Самая большая беда России — это чудовищное мракобесие, которое творится в головах людей, особенно депутатов, просто чудовищное, невообразимое. Страшная агрессия, закрытость по отношению к людям. Мы хотели бы эту непросвещенность просвещать.
А что происходит с этим в Польше? Ведь вы очень много времени проводите там и знаете их сцену не хуже, чем русскую.

В Польше все совершенно иначе. Это театр, который говорит на самые разные социально-психические темы, очень остро все обсуждает, и в этом смысле он является неким "рентгеном" общества, сканирует его. Другое дело в том, что, как
 мне кажется, сам польский театр остается только в этом пространстве, психическо-социальном, он не идет по настояшему в глубину, не затрагивает чувственных, глубоких проблем.

Иван Вырыпаев

А возможна ли в Польше такая история, как произошла, например с "Отморозками" в Гоголь-центре, когда в правоохранительные органы был написан донос, в котором спектакль называют оскорбляющим всех и вся и призывающим к революции?
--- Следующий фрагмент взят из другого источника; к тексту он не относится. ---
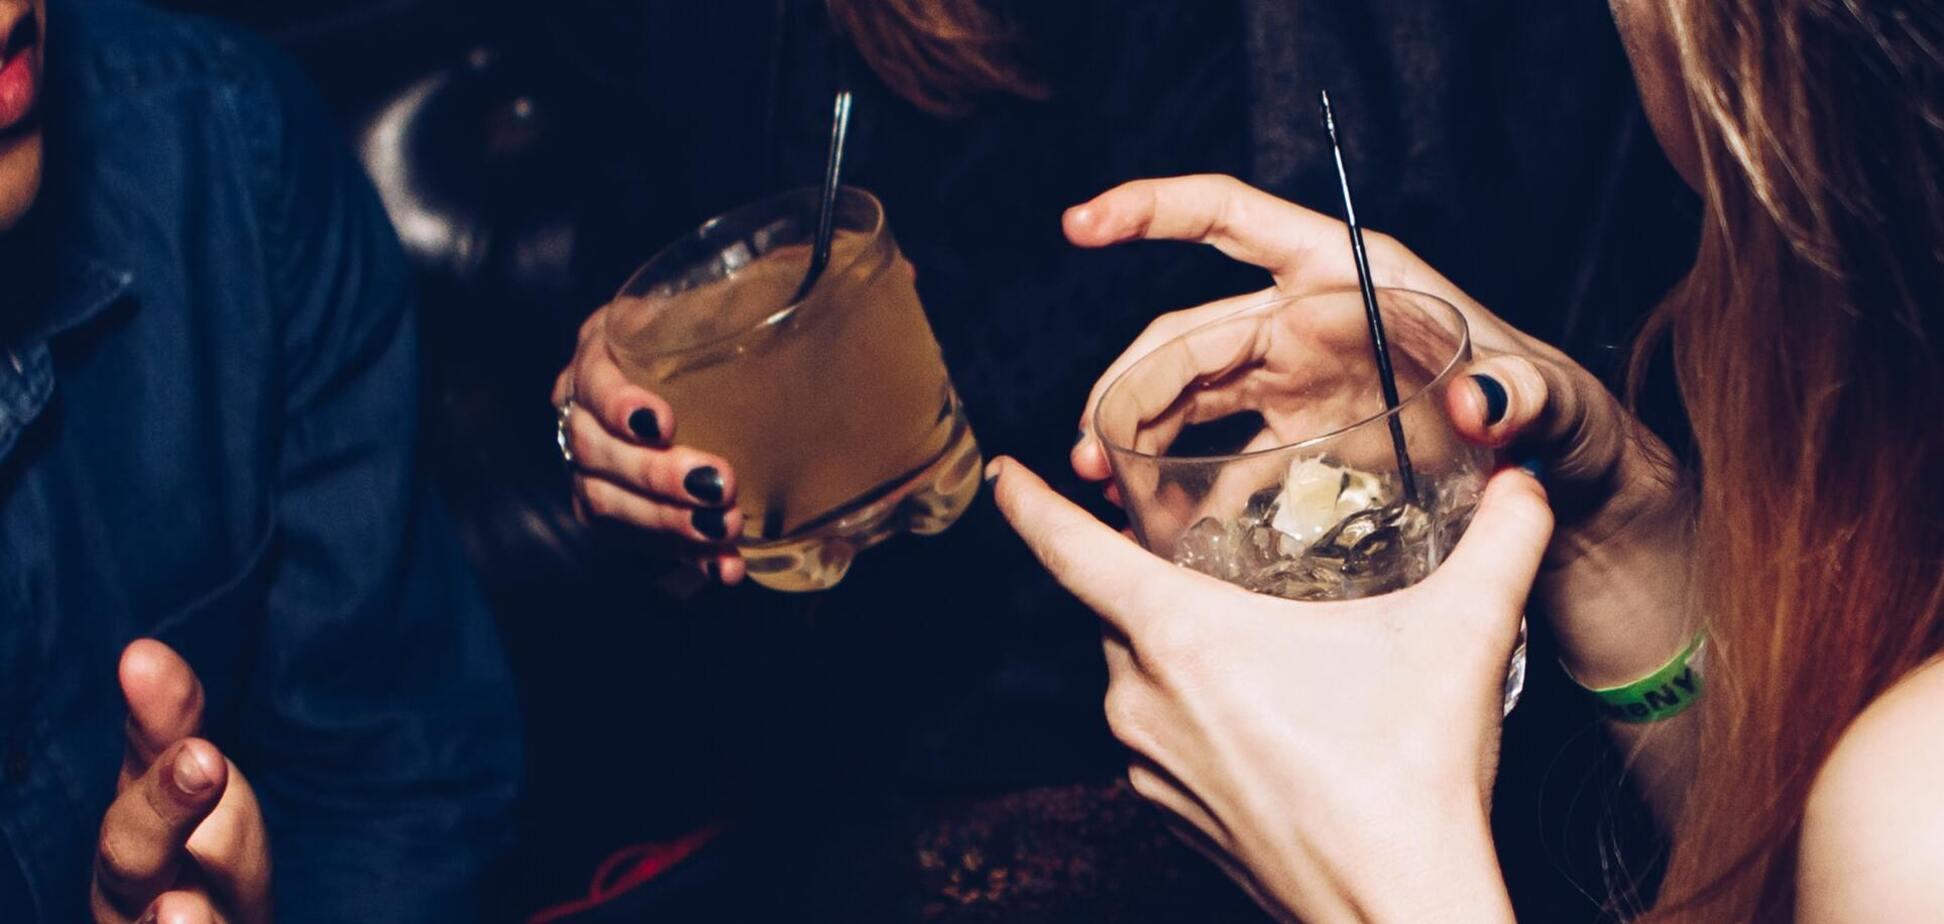 Пять самых пьющих знаков зодиака
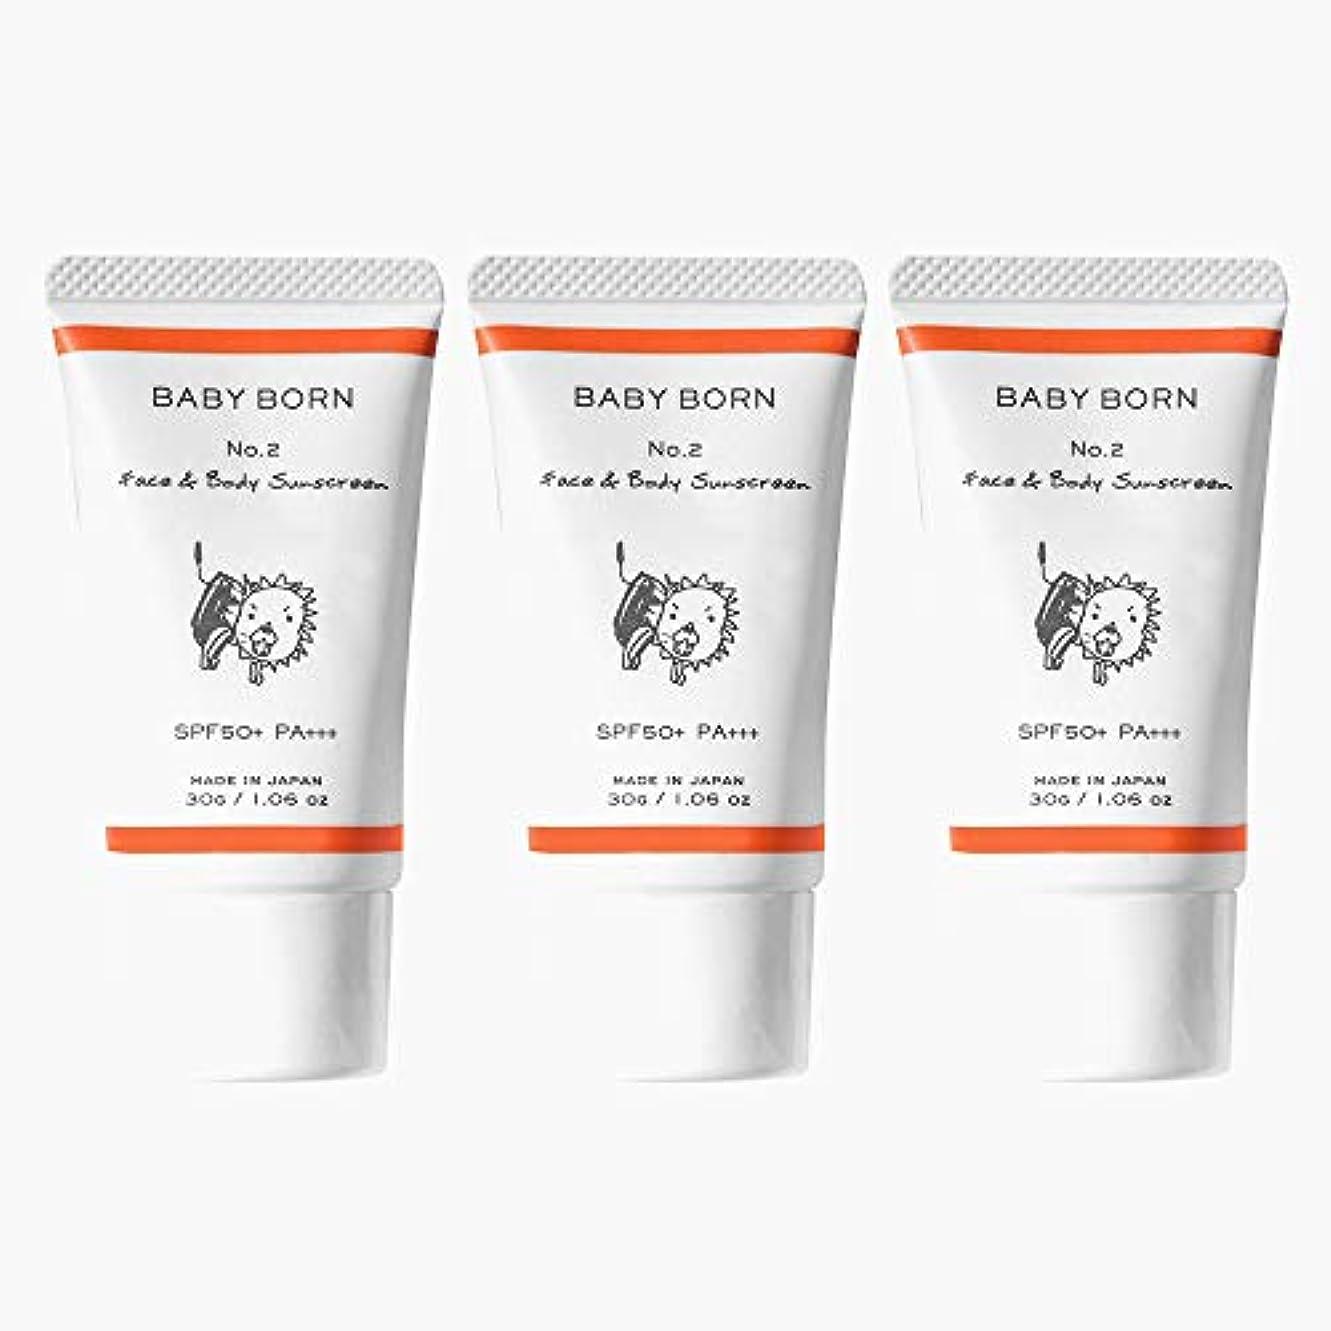 意志満足させる奇跡的な日焼け止め 赤ちゃんや子どもにも使えるBABY BORN(ベビーボーン) Face&Body Sunscreen 3個セット 日焼け止め UV ケア 東原亜希 高橋ミカ 共同開発 SPF50+/PA++++

Если бы в Польше делали спектакль против гомосексуалистов, например, то, наверное, его попытались бы запретить. Там все в обратную сторону: непротестное  запрещается, а все протестное — поощряется. Переизбыток этого либерализма в том, что он становится тем же тоталитаризмом, и он подавляет инакомыслие, просто с другой стороны.

Если ты будешь говорить о свободной любви  то это "окей", а если настаивать на том, что любовь  только между мужчиной и женщиной, то тебя начнут подавлять.

Ваш спектакль "Танец Дели" идет на сцене польских театров, его также ставят некоторые российские режиссеры, а можно ли будет его увидеть в "Практике"?

В нашем театре "Танец Дели" мы ставить не будем. Я уже делал по нему спектакли раньше, потом снял кино. И еще, насколько я знаю, в Школе Современной Пьесы собираются поставить его.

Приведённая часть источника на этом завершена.